Conclusion CARA supports evidence-based decision-making by providing GPs with valuable insights through interactive data dashboards to optimise patient care, identify potential areas for improvement and benchmark their performance against other practices.

Supplementary file 1. Graphical abstract

What is already known on this topic

  • Health data is generally stored in isolated systems (data silos), making it difficult for healthcare professionals to access data in aggregated form or to compare across different systems. This issue is prominent in primary care, where patient data is commonly recorded using patient management software (PMS) systems, which do not allow analysing the aggregated data stored in the backend. No publications have been identified that presented a data extraction process, any interactive elements to compare or filter or the potential to sustain the infrastructure or dashboard beyond the aim of the project.

What this study adds

  • Health research funders and governments developed data-sharing policies. However, most data sharing fails due to a lack of common data models and infrastructures supporting such models. We developed a comprehensive infrastructure, including a data extraction tool (CARAconnect) to combine data from different general practices with different PMS, circumventing the need to streamline and link data at the source. The tools can easily be adapted to include/exclude specific data fields to adhere to ethical and General Data Protection Regulation requirements. Additionally, the infrastructure supports visualising within-practice and between-practice comparisons (anonymised). The CARA infrastructure offers a blueprint for extracting, transforming and sharing data from data silos and presenting data in interactive visualisations.

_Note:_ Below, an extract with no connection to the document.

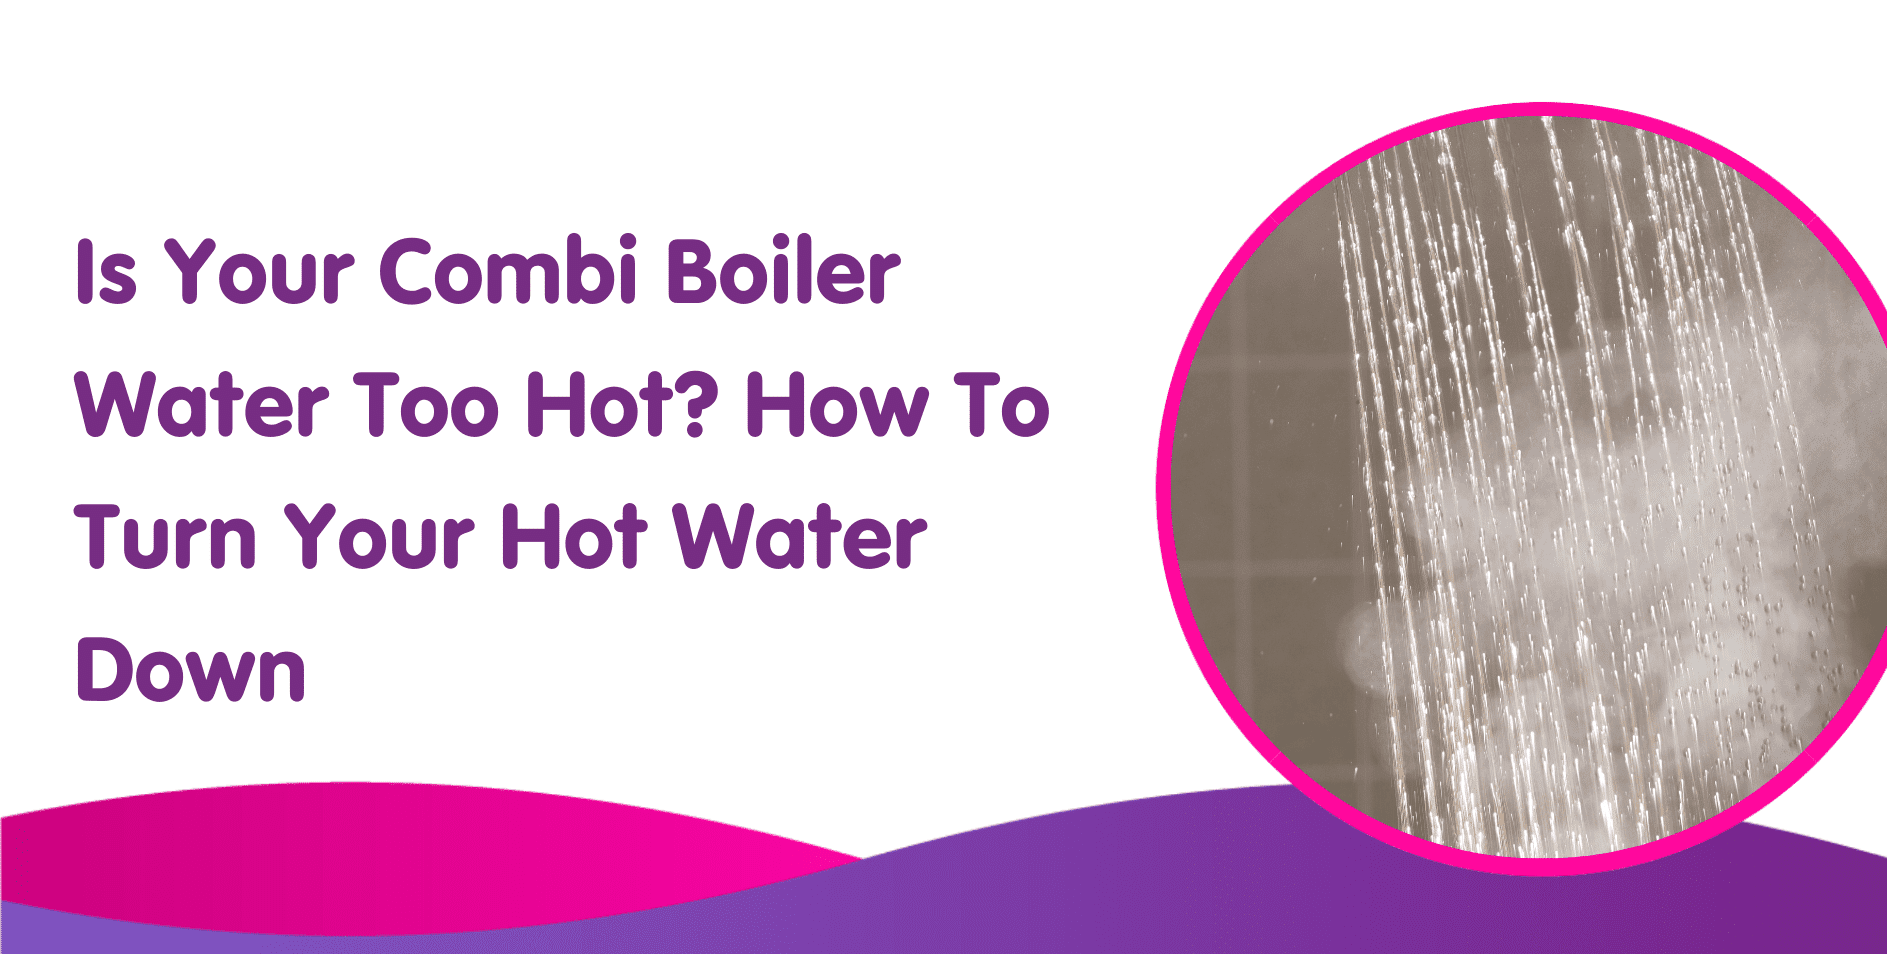 Is Your Combi Boiler Water Too Hot? How To Turn Your Hot Water Down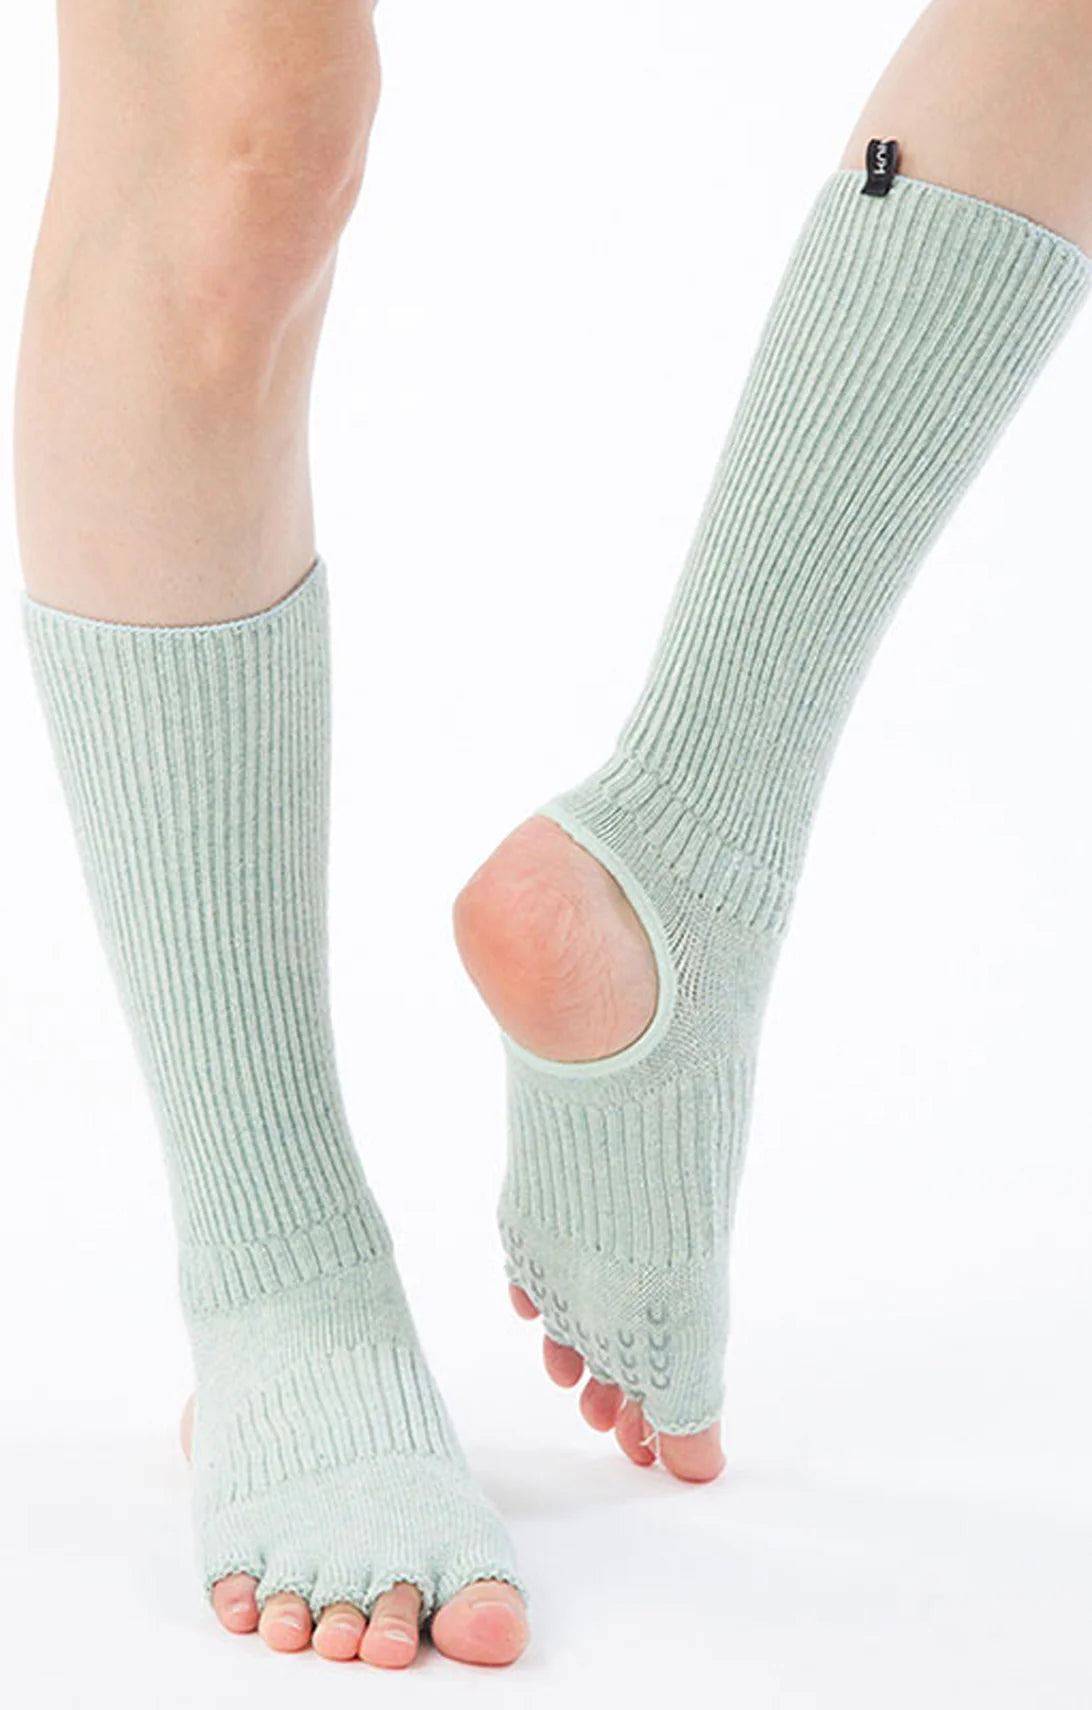 Front view of a woman's leg wearing Knitido plus brand Organic Cotton Botanical Dyed Open Toe and Heel Grip Socks in Mint color

How this study might affect research, practice or policy

  • Visualising health data allows comparisons within and between general practices, countries and institutions. However, the challenge with data stored in data silos remains and prevents the possibility of aggregated data visualisation to understand patterns and provide better treatments and interventions. The CARA infrastructure described in this paper supports data extraction, transformation and sharing across data silos.

Introduction

Patient management software (PMS) systems were introduced in the 1990s in Ireland and have a client-server architecture allowing general practitioners (GPs) to access patient information from within the practice.1 2 Data is stored centrally on the practice server in multiple separate tables, adding tables during a continuing data modelling process to include more or new information. This has resulted in a complex database with an expansive list of tables interlinked through various relationships defined in consultations, patients, prescriptions and other codes. Despite efforts to achieve data interoperability, the data remains sequestrated within the general practice, which acts as a data silo.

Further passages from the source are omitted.